Speaking of Ray’s power. Tomorrow we’re closing this little feature with the best song of the night. It was a moment, and I can’t wait to watch it again.

Back to the Re-Listening project, and we have a lot of catching up to do from the long car ride. Let’s chip away, shall we? (I’m still a dozen discs behind.) Remember, I am listening to all of my old CDs, in the order in which I acquired them, and trying to think of something to write about them here, while I embed videos from YouTube.

Fiona Apple’s “When the Pawn…” was released in November 1999, the second studio album for the young phenom. She won a Grammy for a debut record in 1997, which came out when she was 20. The followup got two more Grammy nominations. Spin magazine called it the the 106th greatest of the last quarter century in 2010. For Slant Magazine it was listed as the 79th best album of the 1990s. No less than Rolling Stone ranked “When the Pawn…” at number 108 on its 2020 “500 Greatest Albums of All Time” list. It finally went platinum that same year.

To me, her debut, “Tidal” is an incredible record. And more than a quarter of a century later it still feels fresh and raw, sure, but also accomplished and something which demands attention. “When the Pawn …,” however, easy to have on in the background without notice. I don’t write the Re-Listening project entries as reviews, of course, but usually try to associate them with some silly memory or odd bit of personal trivia. But I can’t think of a single thing that goes along with this record. I can’t even recall hearing it in the car this time around, though I know I was in Ohio at the time, and that was just two weeks ago. (To be fair, I was very tired, and probably distracted.)

The next thing on the playlist was another sophomore release, Filter’s “Title of Record.” They got good alt radio airplay, and even MTV spun their video, and so they moved more than 800,000 copies between August 1999 and early 2001. Sometime after, they went platinum.

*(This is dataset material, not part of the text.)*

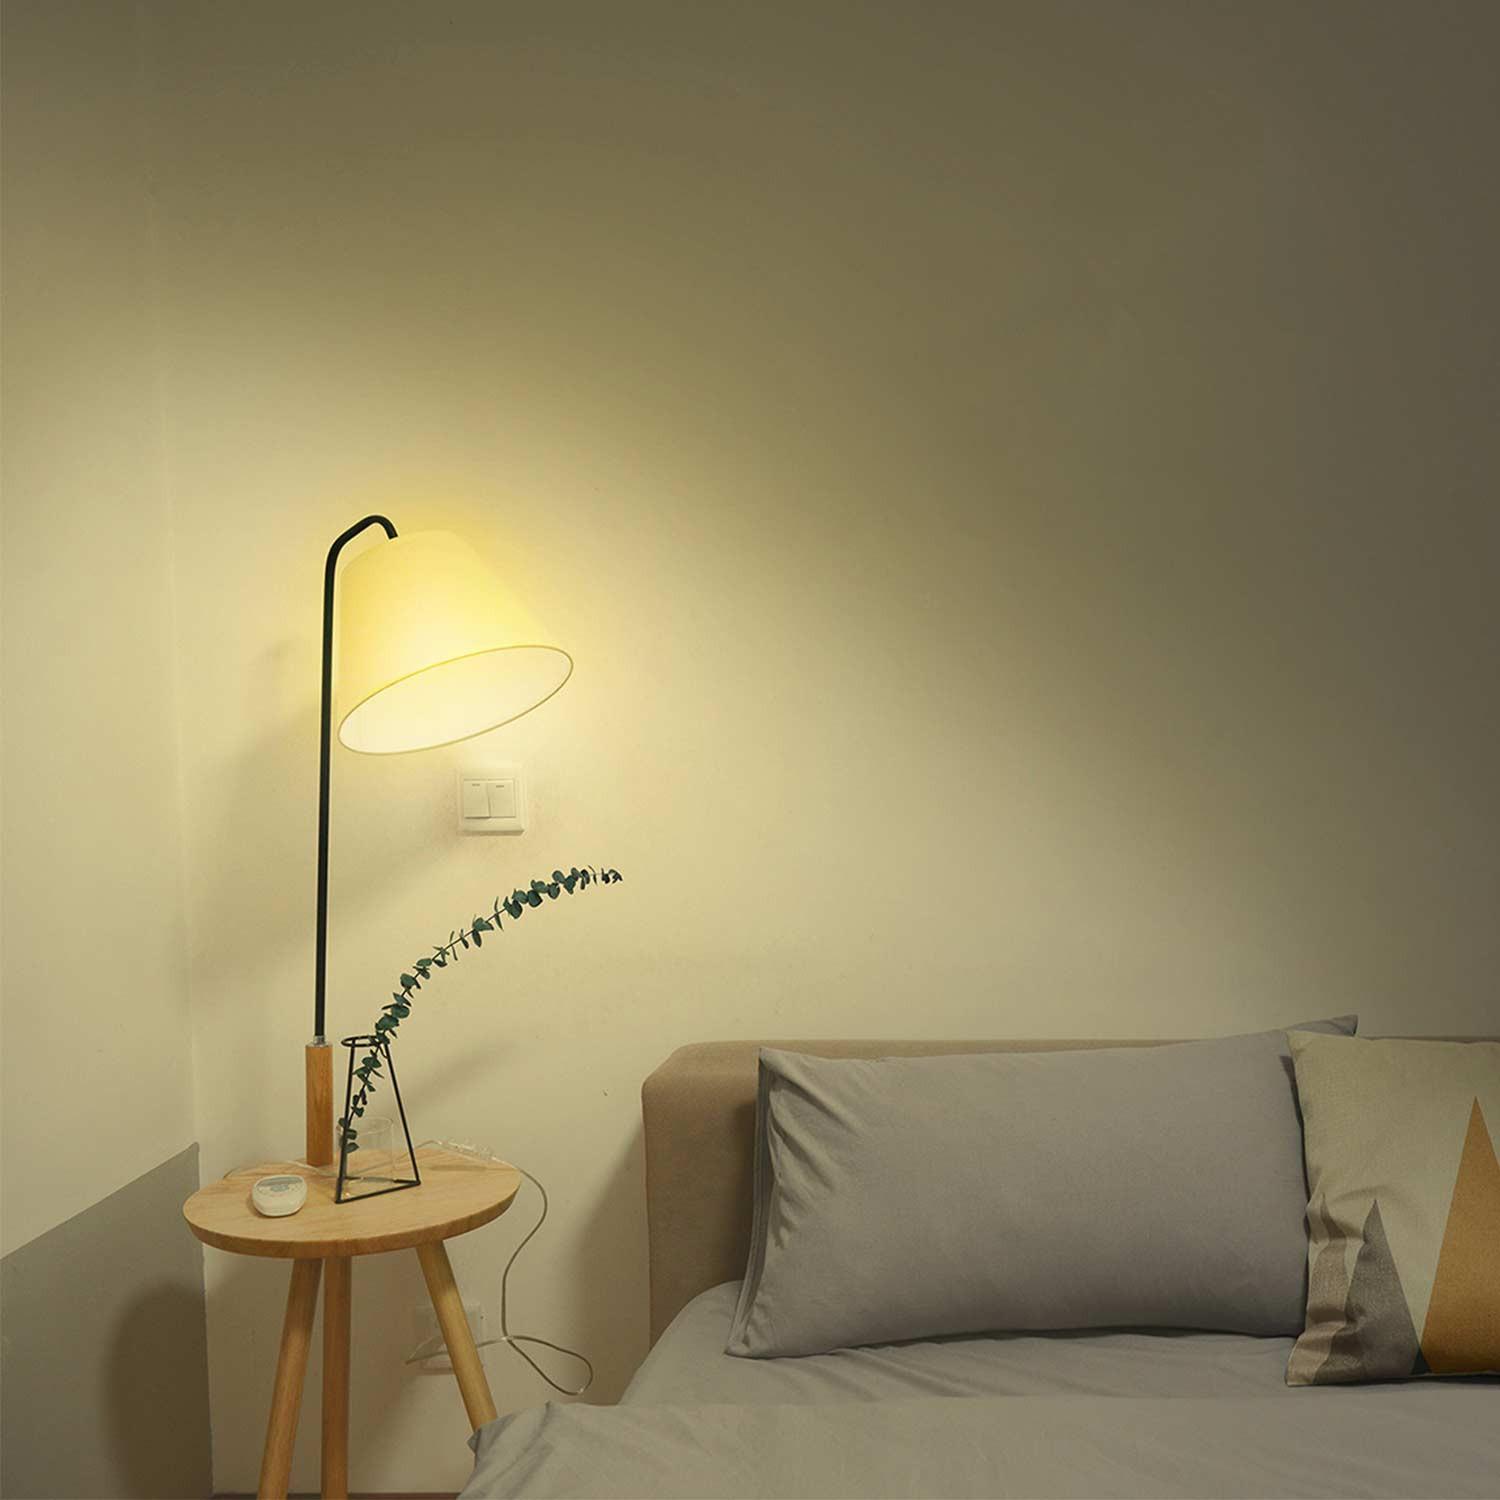 Hombli Smart Bulb E27 White-Lampe 3er-Set + gratis Smart Bulb E27 White 3er-Set - Weißlicht im Wohnzimmer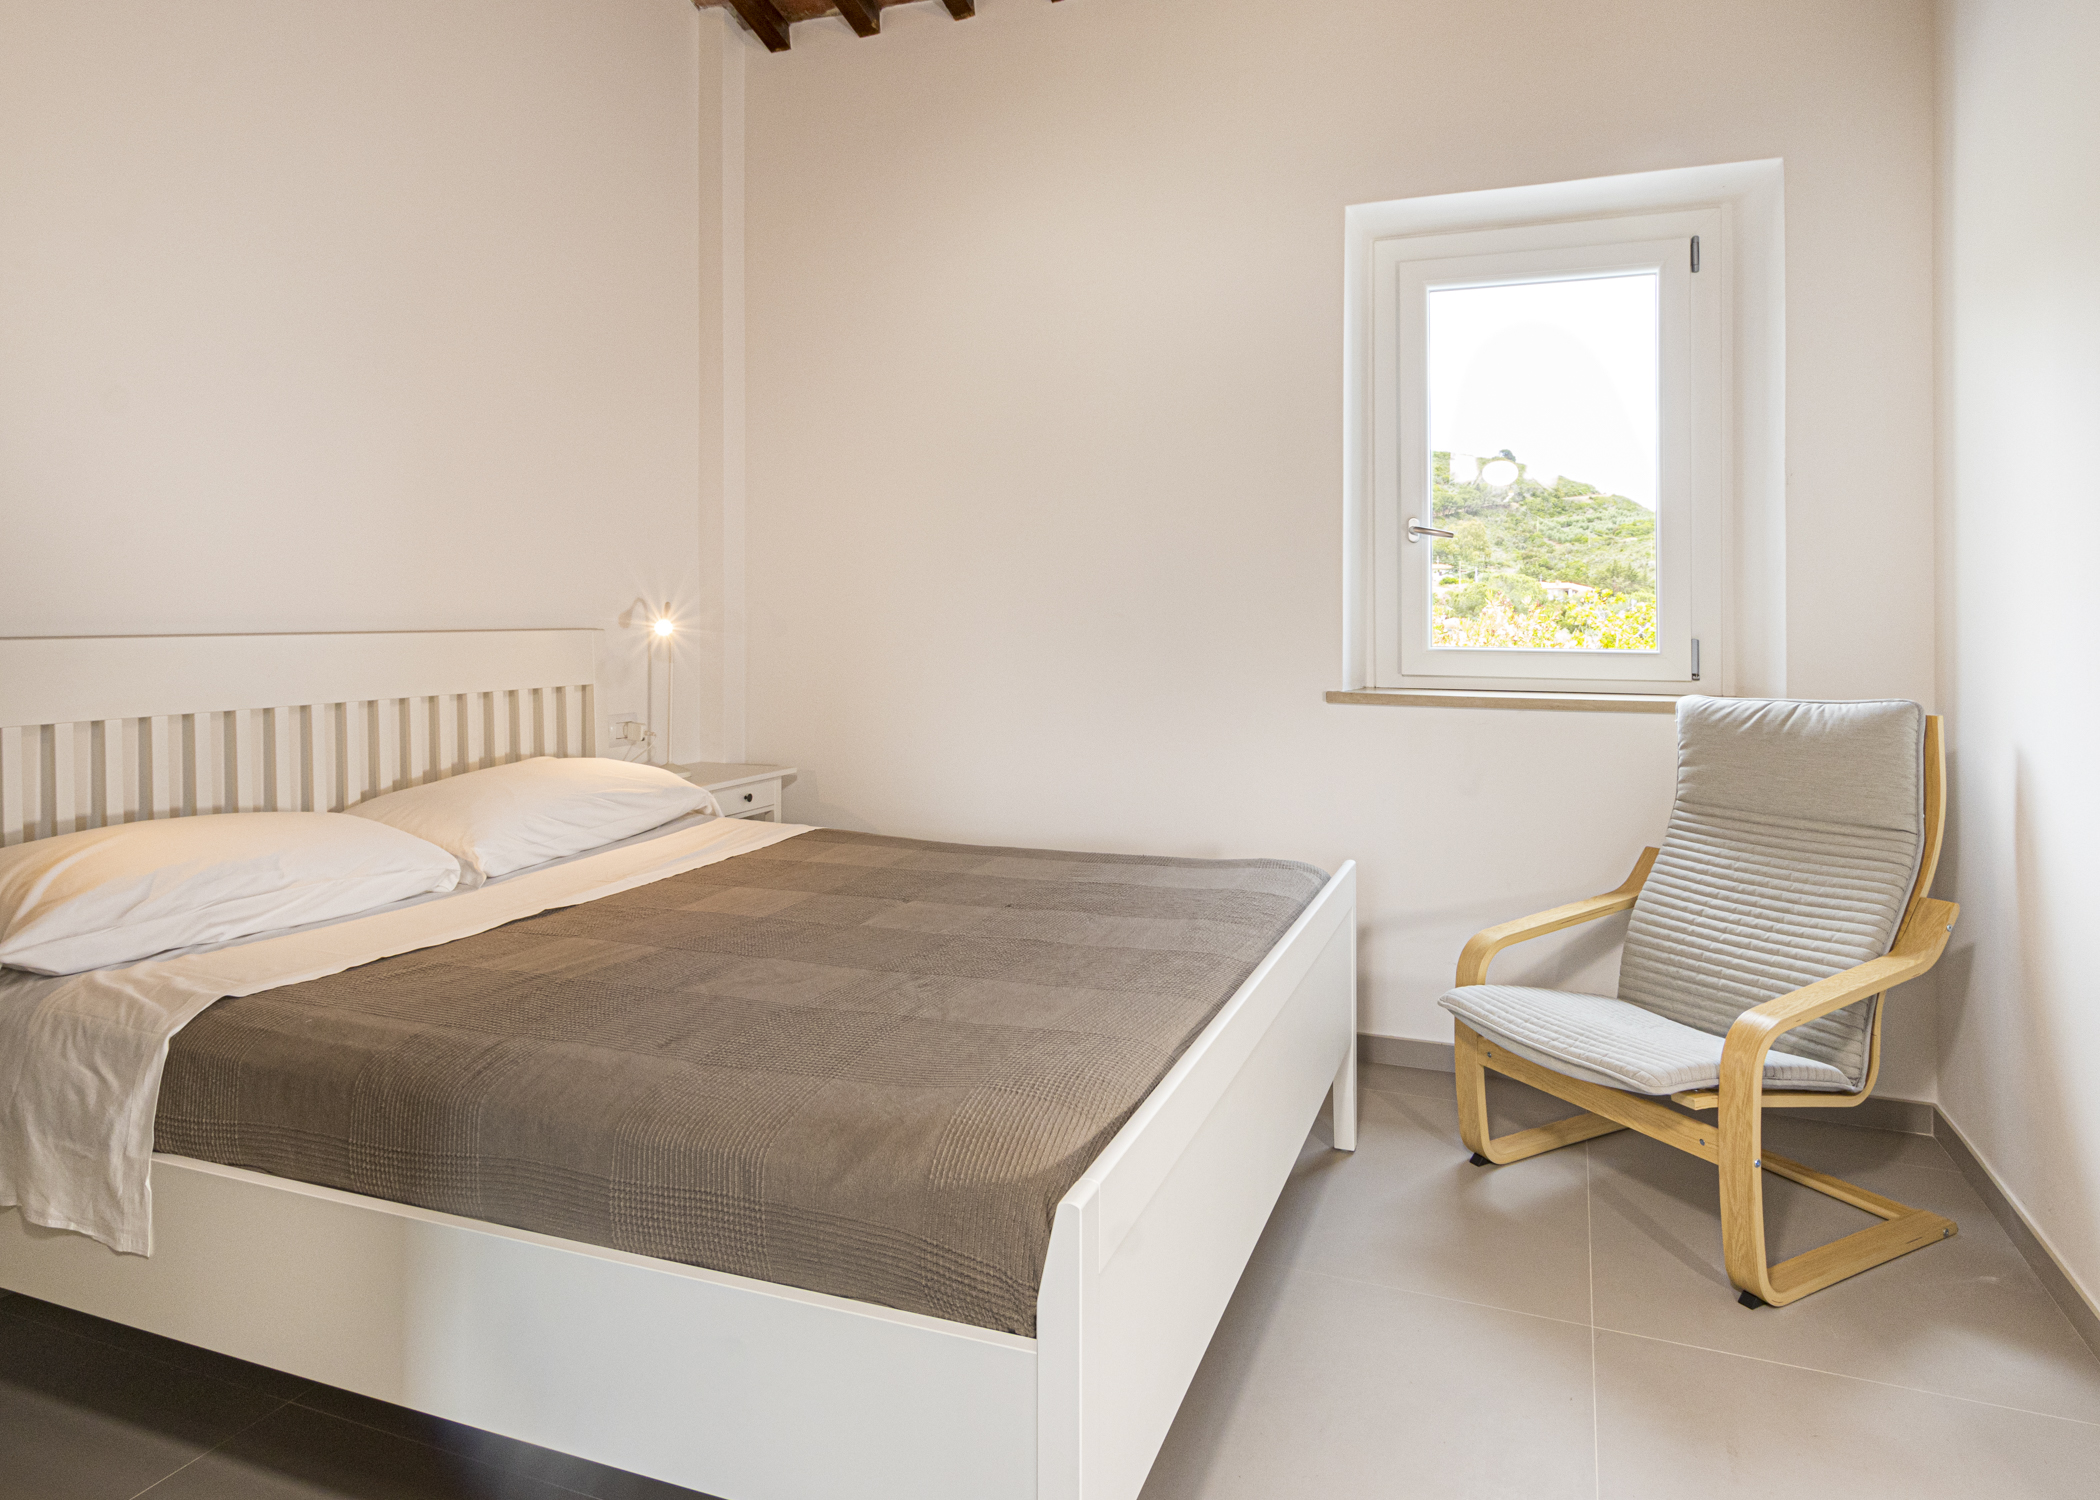 Villa Costanza Room 4 letto matrimoniale_1

Three singles, but I only bought it for one, a good belt-out track. I was apparently not alone in that. This song climbed into the top-20 on nine different international charts. Domestically, “Take A Picture” reached number 12 on the US Billboard Hot 100, topped the Billboard Hot Dance Music/Club Play chart and peaked at number four on the Billboard Mainstream Rock Tracks chart and landed at third on the Modern Rock Tracks chart at number three. It also settled at number seven on the Adult Top 40, and number 15 on the Mainstream Top 40 at number 15. The year 2000 was a good year for Filter, one hopes.

I was in a grocery store parking lot, a Meijer, in Middletown, Ohio when that sixth track came on. (Their next show, in August, is at a festival in Ohio.) It’s always been a car track to me, and so this was appropriate, even if I was riding at a parking lot speed as opposed to the usual interstate speed.

Funny how I think of almost every car song as being heard on only really fast roads. High(er) speeds just go with music, and most of the commutes of my life.

Let’s do one more CD, just to get it out of the way. After Filter there was Third Eye Blind’s “Blue.” Didn’t care for it when it came out — if I know how much airplay they were going to get I would have not purchased it — and I don’t care for it now.

That was quick. But not interstate quick.